Tuesday, December 20, 2011

Thinking without an endpoint

I was listening to the Diane Rehm show on NPR the other day, and the discussion topic was how people think, especially in this age filled with distractions.

Here is the link to that show and some of the highlights.

The guest on the show had some really interesting points about technology, how we use it, and how a culture's approach to learning tends to evolve over time.  As a complete philosophy nerd, I was enthralled by this conversation.

It got me thinking about the educational theory I spent so much time studying this fall.  Most school systems use the didactic model; information is conveyed from teacher to student incrementally, with the teacher being active and the student a passive receiver.  Knowledge is assumed to be in concise "bits" that are added into the brain, and learning is thought of as a simple adding process.

Constructivism, on the other hand, begins with the idea that knowledge exists only when it is created inside the mind.  Learning is the process of actively making meanings and ideas, which is constantly restructuring the brain. 
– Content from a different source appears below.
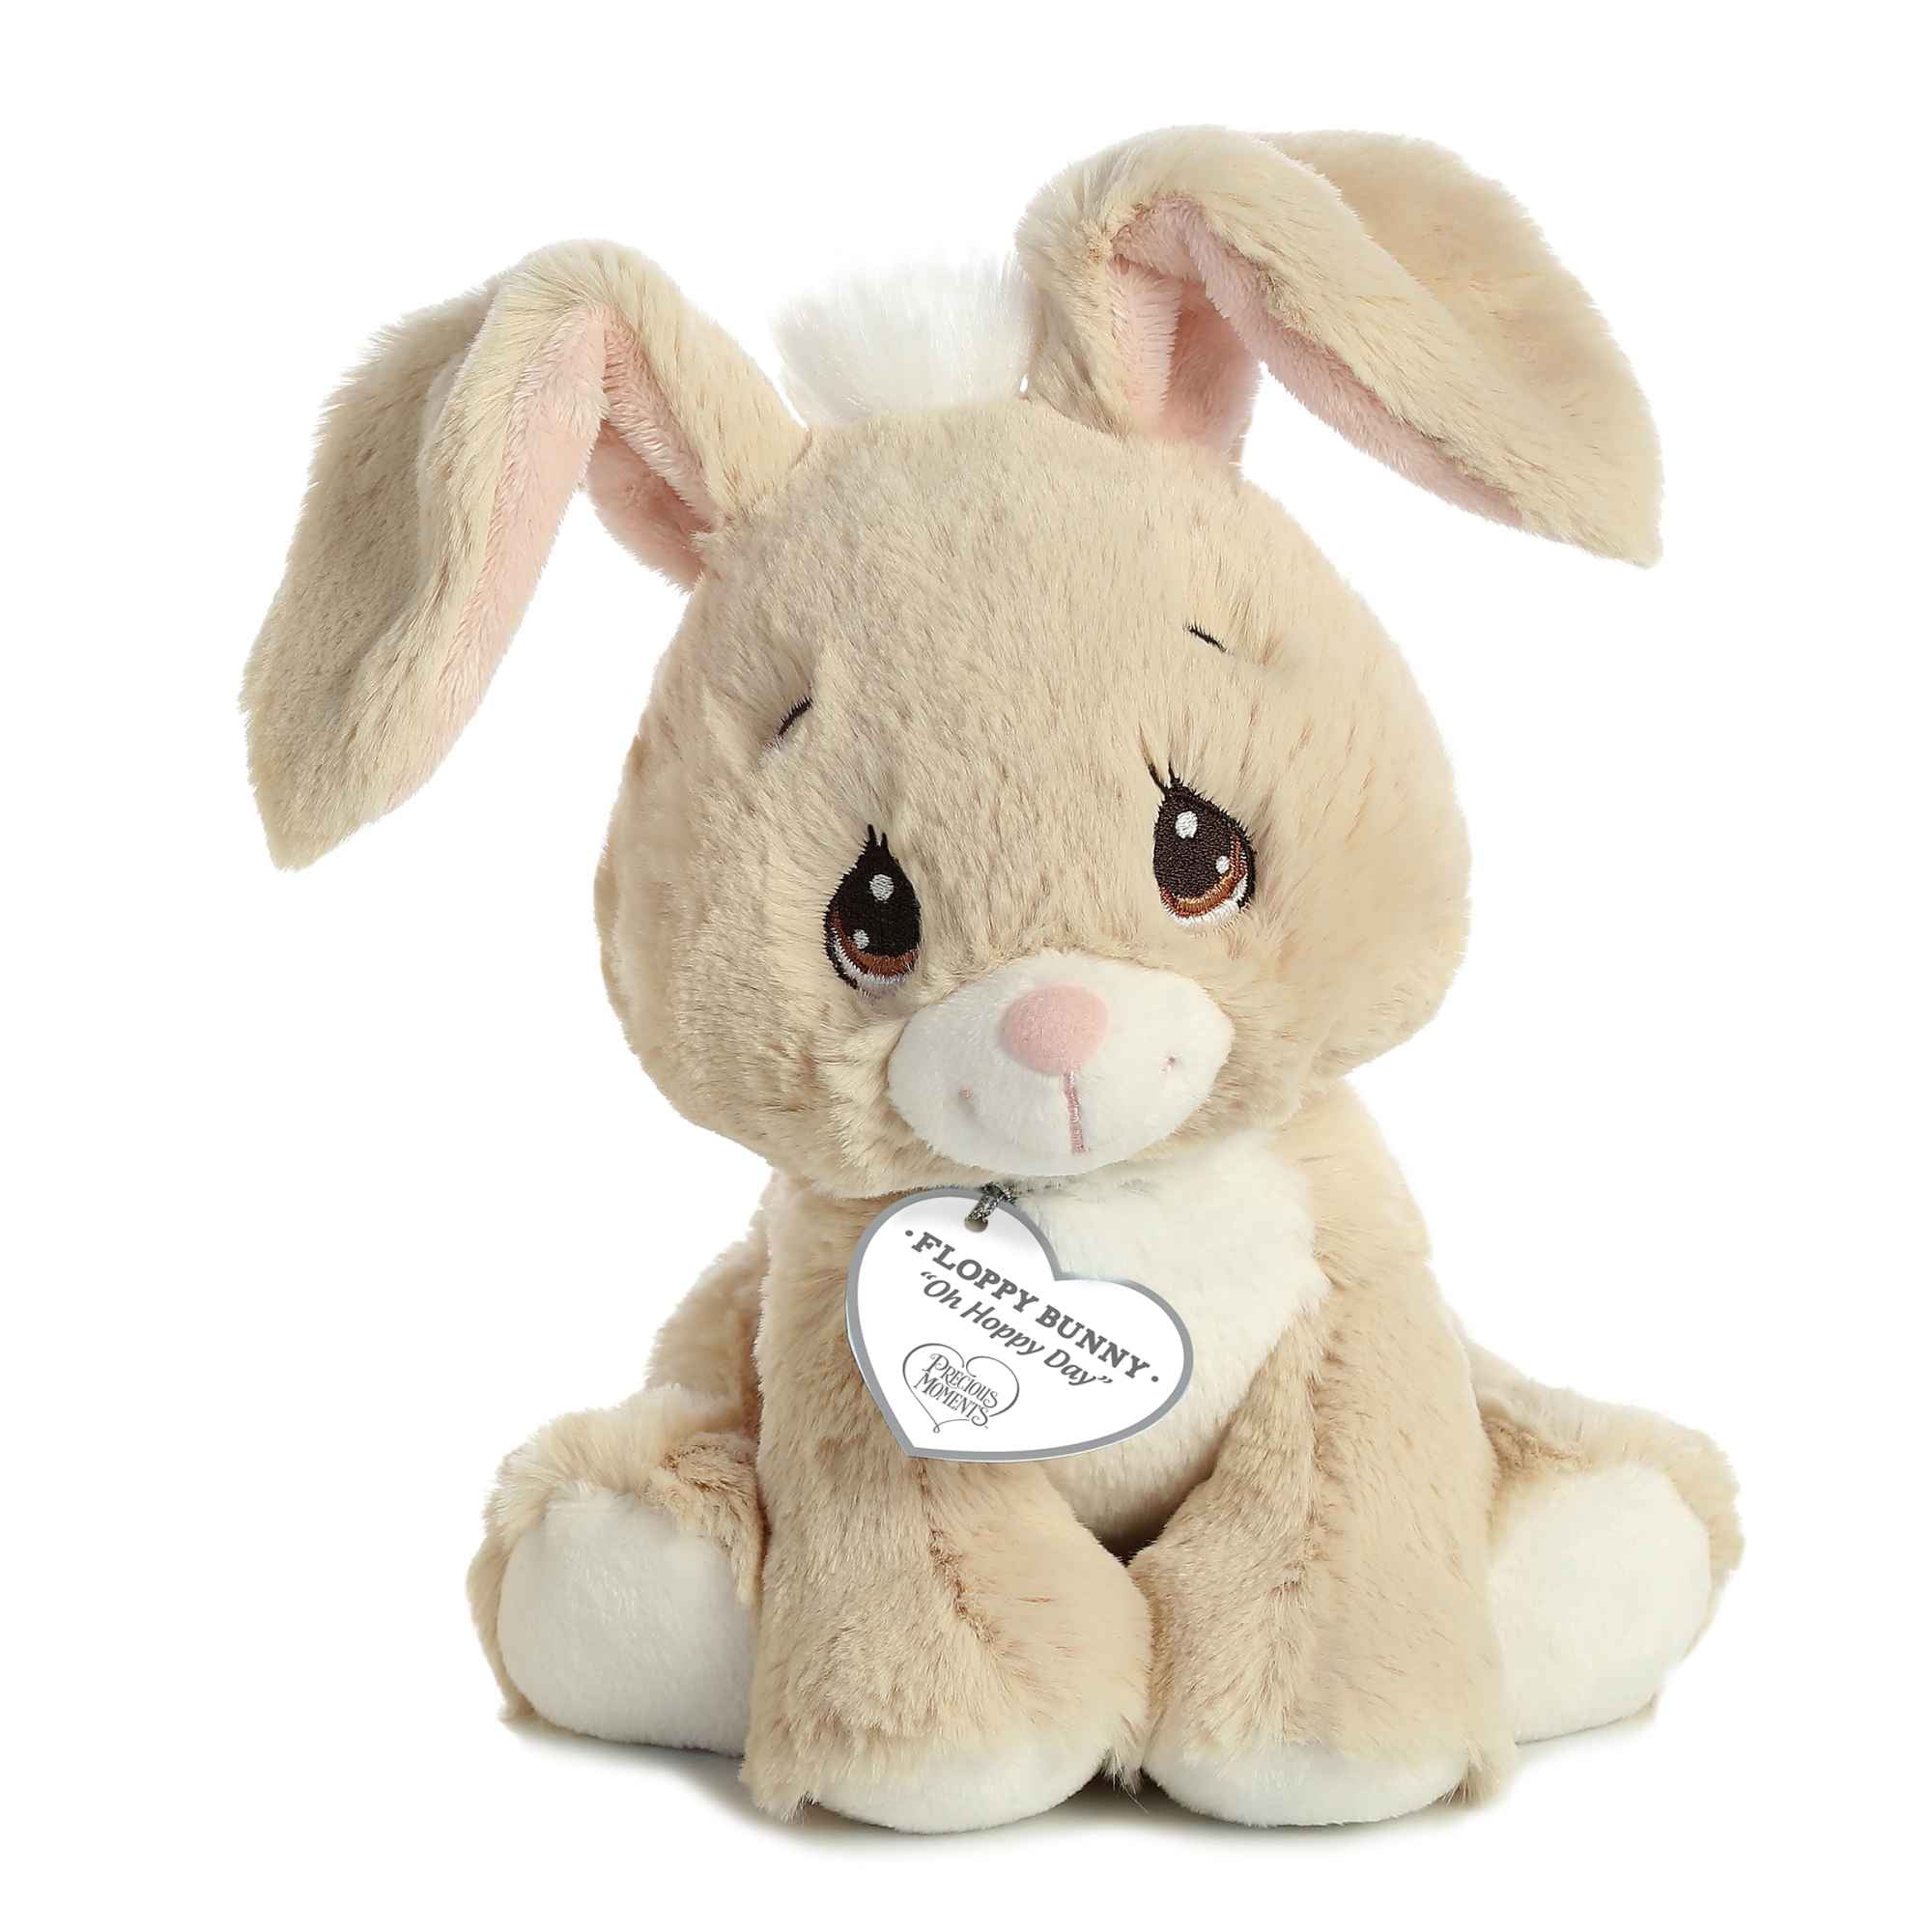 GUND Bunny Rabbit Lil Wispers 7" Tan Stuffed Plush Toy Doll 4033511 for sale online

The constructivist model can be daunting for a teacher, because you never know what meanings and ideas your "student" is going to create, and therefore you can't predict what the endpoint or "result" of the learning will be.  I personally LOVE this way of learning; it is pretty much how my brain has worked my entire life.  However, as a teacher I find myself falling back into the didactic format because I have points I want my students to "get", and the easiest way to do that is to simply tell them.

The guest on the Diane Rehm show that day was talking about how the currently available technologies have made it possible to simply retrieve information from another source, rather than needing to keep quite so much in our brains.  One possible consequence of this focus on retrieval is an avoidance of critical thinking, since "getting the answer" is so much faster and easier than problem-solving it out with our minds. 

Some people have expressed a concern that young students today are not learning how to think critically because there is usually an "answer" that they can find.  This tendency embodies the didactic theory of knowledge, that it exists as "bits" of absolute information that simply must be retrieved when necessary. 

Yet we know that the world and the issues plaguing it are more complicated than such a black-and-white model.  We can understand the future may be best figured out by people who can practice divergent thinking and create new meanings and ideas from primary input.  Essentially, constructivist thinking (and learning) is a way to solve complex problems that do not have a concrete or straightforward "answer" but several possible solutions.

Those constructivist, unpredictable and sometimes even unintended outcomes can feel scary at first, since you never know where you are going to end up (as the teacher or the student!).  But the thinking itself exercises our brains in a way that is quite invigorating.  Do you ever catch yourself doing that?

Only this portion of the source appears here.